I was arguing that the thinking of the black consciousness tradition cannot be reconciled with the new political dispensation of South Africa. In fact, Biko presents a radical critique of post-1994 constitutional democracy, and the ANC-led project of nation-building and human rights ultimately functioned to sustain rather than undo historical structures of racial power and racial domination. In other words, race and racism remain fundamentally central to the country’s political and social landscape because the liberal non-racialism of the ANC, and of constitutional democracy failed, failed to undo the colonial and apartheid history of this country. Particularly in law and jurisprudence, we have failed to take seriously the Africanist and black radical tradition in how we understand the problem of justice.

What is your view on the government’s legal stance on racism and hate speech? Is slapping a fine or a jail term on convicted racists a solution to the problem?

South Africa, in part, cannot address racism because it is a racist polity. By this, I mean a society that’s ordered, governed and materially exist on the basis of the principle of white supremacy. 

It’s not simply that we are still struggling with the legacy of the past: we are stuck in the material structure of white supremacy: economically, politically, culturally and socially. We live in a society in which black lives are still devalued and dehumanised under unresolved structures of white power in South Africa. 

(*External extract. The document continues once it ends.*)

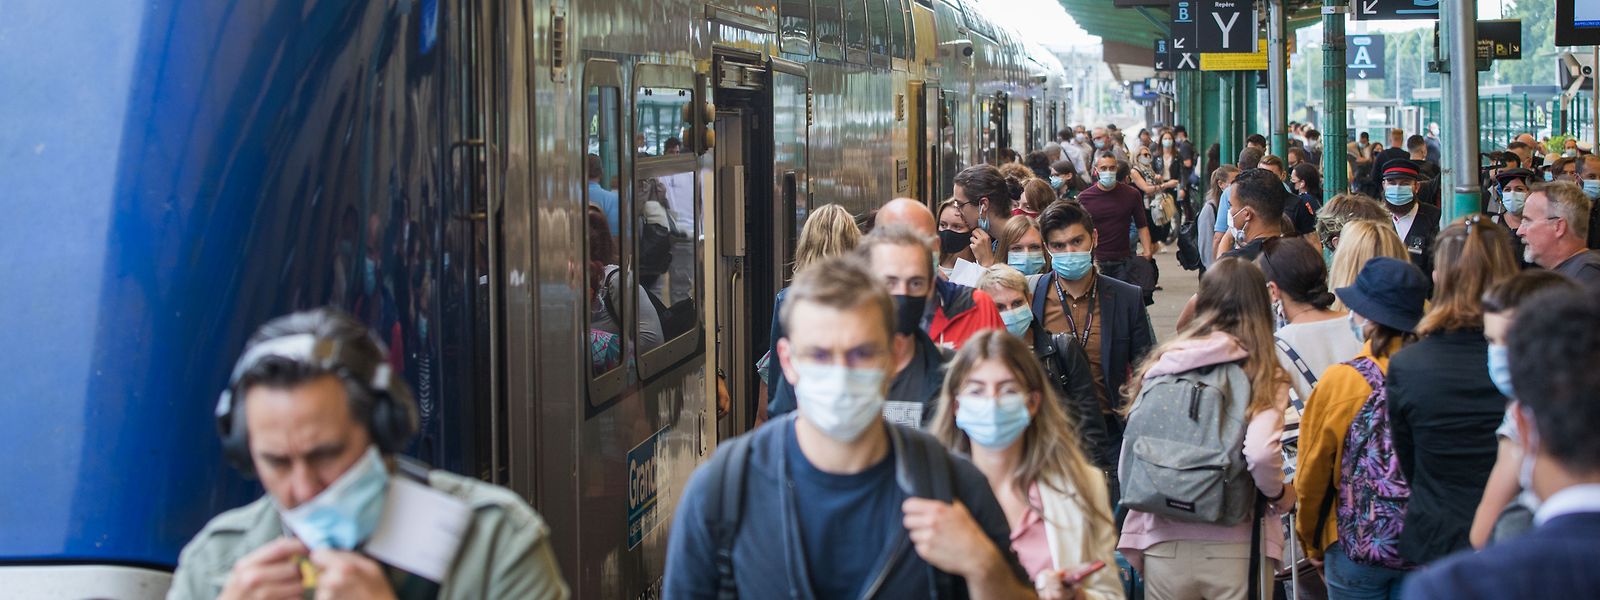 La ministre de la Santé Brigitte Bourguignon recommande de remettre le masque dans les transports en commun en France.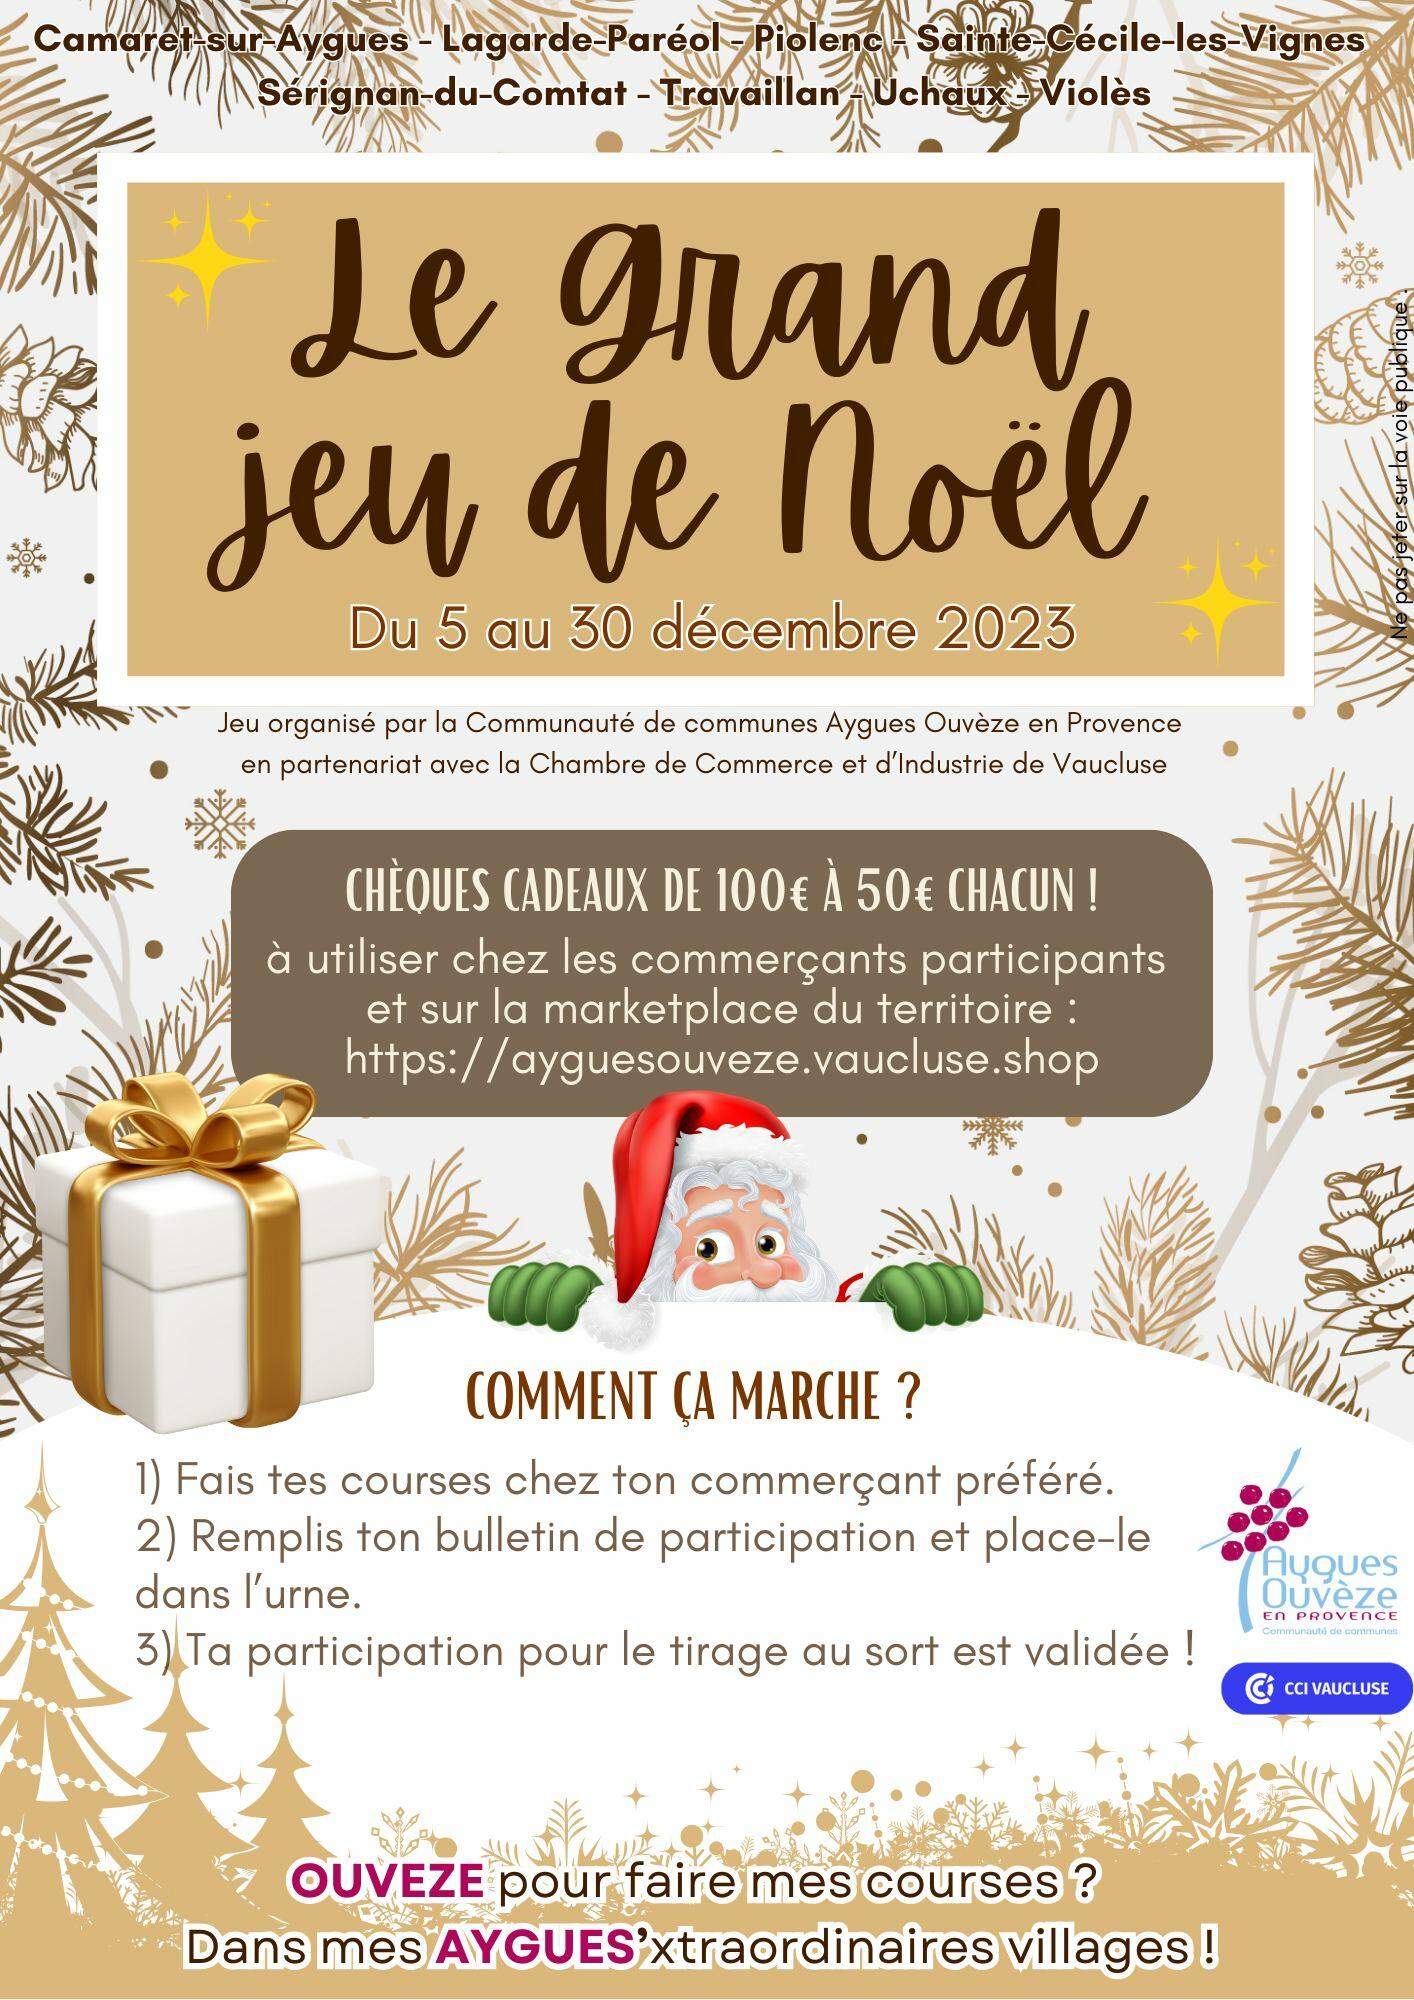 Grand jeu concours de Noël de la Communauté de communes Aygues Ouvèze en Provence

What makes this theoretically interesting is that we live in a white supremacist society under black rule. That’s the betrayal of the promise of liberation that my study was trying to resolve. So any attempt to criminalise racism or create new policies on racism and combating racism will fail unless and until South Africa confronts its foundational problem of white supremacy and colonialism.

What advice would you give to the youth of South Africa?

The country’s future, the world, and human existence on the planet depend on us becoming more thoughtful, literate, more engaged, and aware of our surroundings. To arrive at a richer sense of ourselves in the world, we have to take reading more seriously as a way of life. 

So I can’t emphasise enough how important it is for young people to read and educate themselves. 

What do you do to relax amid your busy academic schedule?

I have never said “no” to a good party, and I’ve never missed out on a lovely bottle of wine. I’m also an avid hiker and appreciate good music. Due to Covid-19, I haven’t travelled a lot, but I do make a point of seeing the world. I have dinners with my partner and friends all the time. I don’t want to create the impression that I’m a workaholic, because I work hard and play harder [laughs]. 

I like African-American blues artists like Aretha Franklin and Roberta Flack, and I’ve also been listening to the Afro-Cuban pianist Omar Sosa. I lead quite a rich and active physical and social life, which is crucial for young academics. I’ve been lucky to do what I love, which is researching black intellectuals, so I don’t consider that work.